His rapidly-acquired knowledge serves the Admiralty well, he’s volunteered to parachute in again and pinpoint submarine pens camouflaged within a fjord.

He’s about to be executed along with hostages and the Norwegian girl he loves (Deborah Kerr) when a raid by British troops in landing craft sweeps the town.

Poland is identified as not merely the start of the war in Europe but its emblem, Nazis and Quislings screen a propaganda film on the fighting to intimidate Norwegian government officials before the invasion.

A very convincing picture of barbarity unleashed on the continent and the seas, with the correspondent a stand-in for all the prisoners of the Nazi regime who fight and endure.

The musical challenge at the Blĺ Tonne comes a little before the one in Casablanca and ends with a brawl.

 

Secret Mission

To Occupied France, kept secret from the audience until the British and one Free French soldier are in St. Antoine, to discover the German forces and incidentally locate an underground aerodrome and also liberate a captured airman.

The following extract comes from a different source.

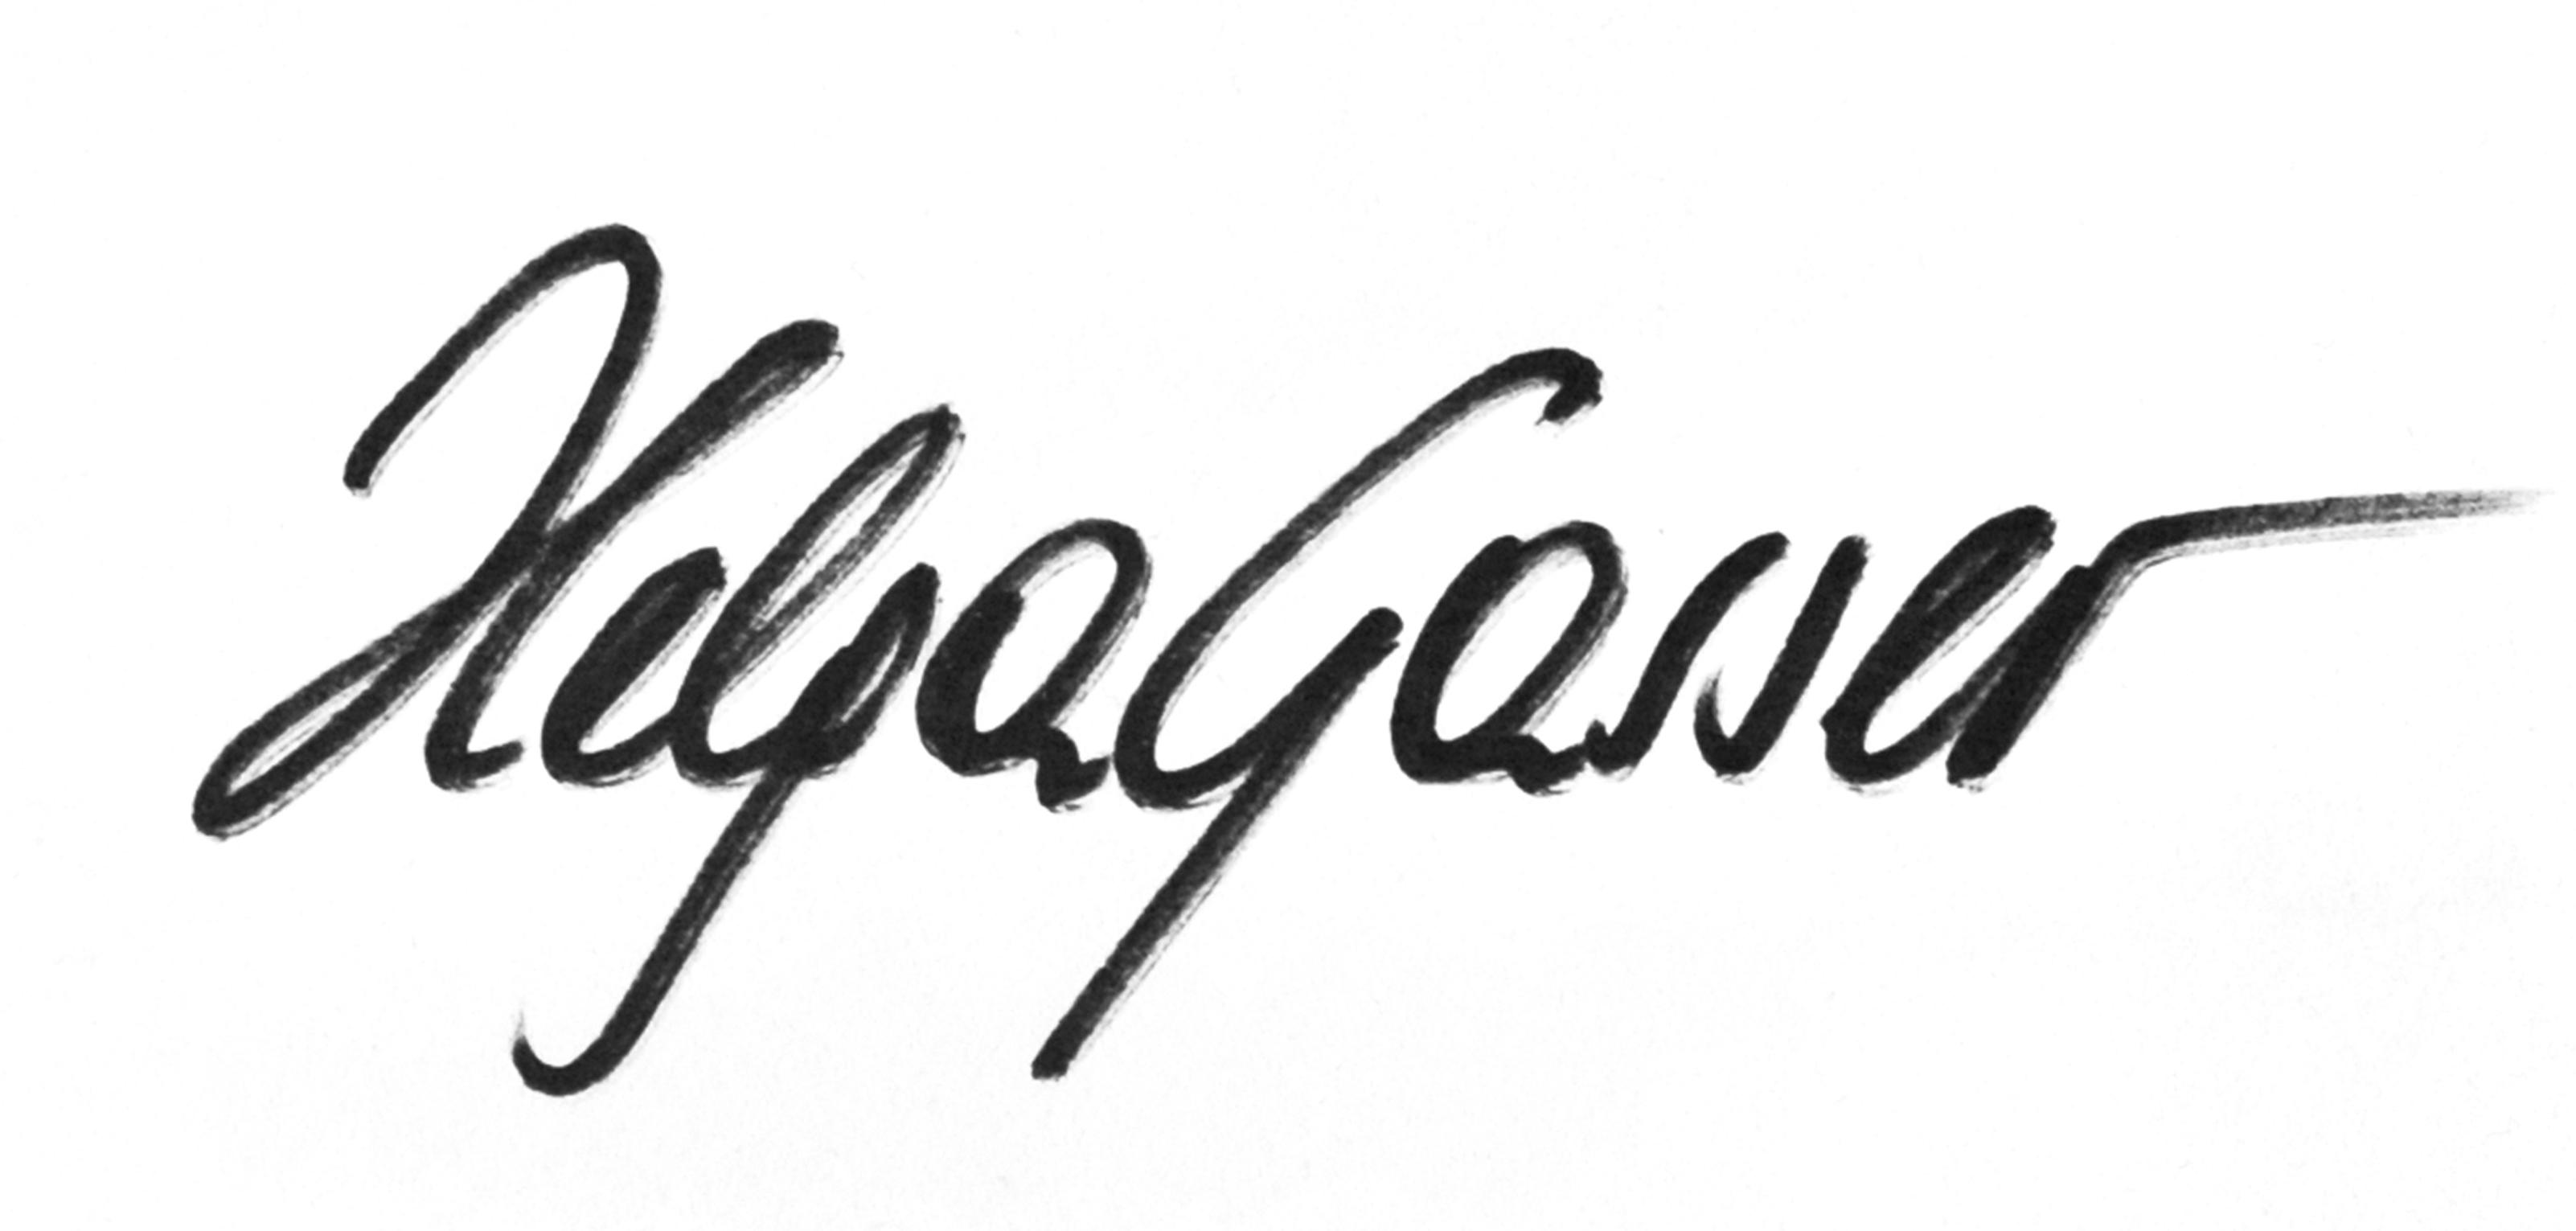 Helga Gasser Signature

In other words, to be in France.

This work of genius is quite typical of its director.

Radio Times is impossible, “a modicum of excitement... embarrassingly twee... unremarkable fare...”

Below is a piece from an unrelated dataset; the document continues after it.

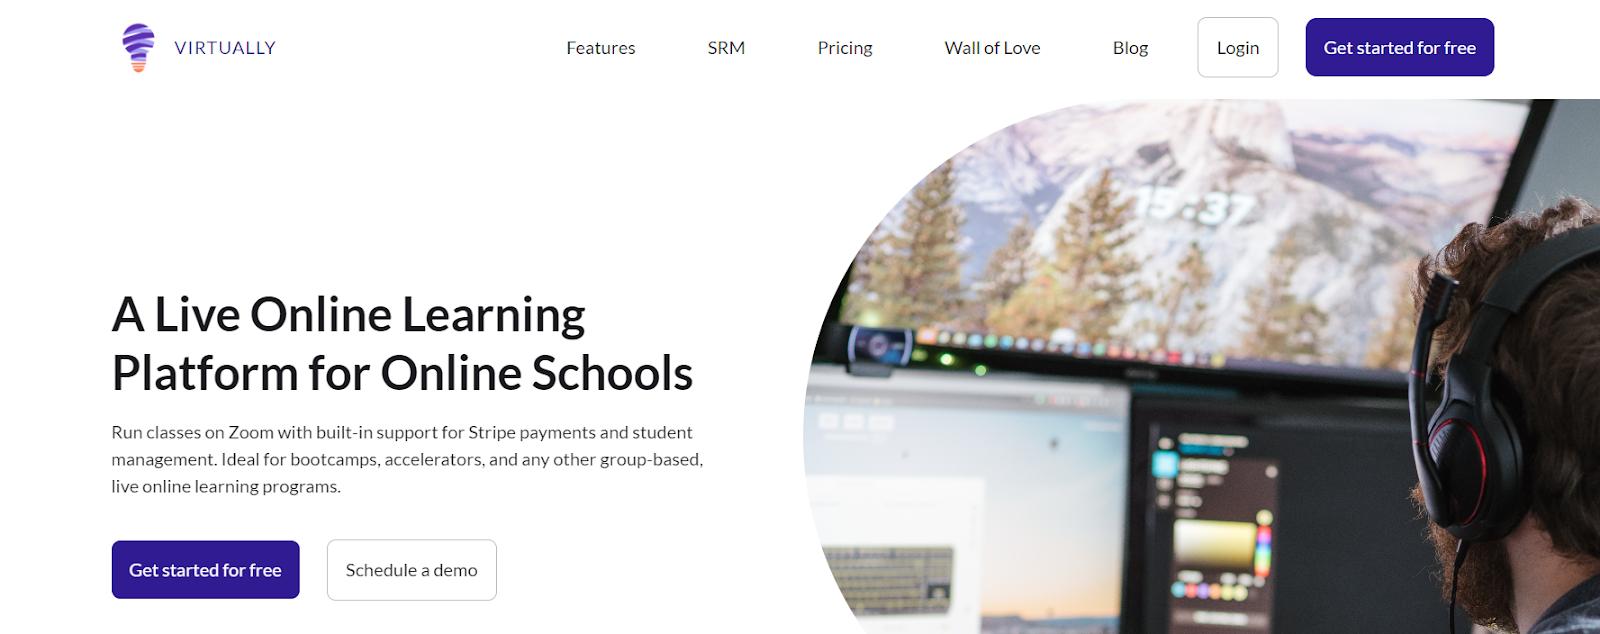 Screenshot of Virtually - Cohort Based Course Platform

Halliwell’s Film Guide reports that it is “stilted”.

The Polish armored searchlight car appropriated by the Nazis to belabor French sleep with Tannhäuser is a great precedent for the Martian war machines in Haskin’s The War of the Worlds.

 

The Blind Goddess

Frank Capra’s Mr. Smith Goes to Washington understood after the war as a libel case in England.

Michael Denison, as in Lawrence Huntington’s The Franchise Affair, is a useful simulacrum of James Stewart to identify the thing.

The graft involves U.N. funds for displaced persons.

A.W. of the New York Times pronounced it “merely myopic and rather routine.”

“A glimpse of the hell that must have been 1948” (Time Out Film Guide).

Halliwell’s Film Guide chimes in with A.W.

 

Adam and Evelyne

Many a film goes into Minnelli’s Gigi, Renoir & Dieudonné’s Catherine, for example, and De Sica’s Teresa Venerdě, this is a prime specimen and particularly close to the finished result.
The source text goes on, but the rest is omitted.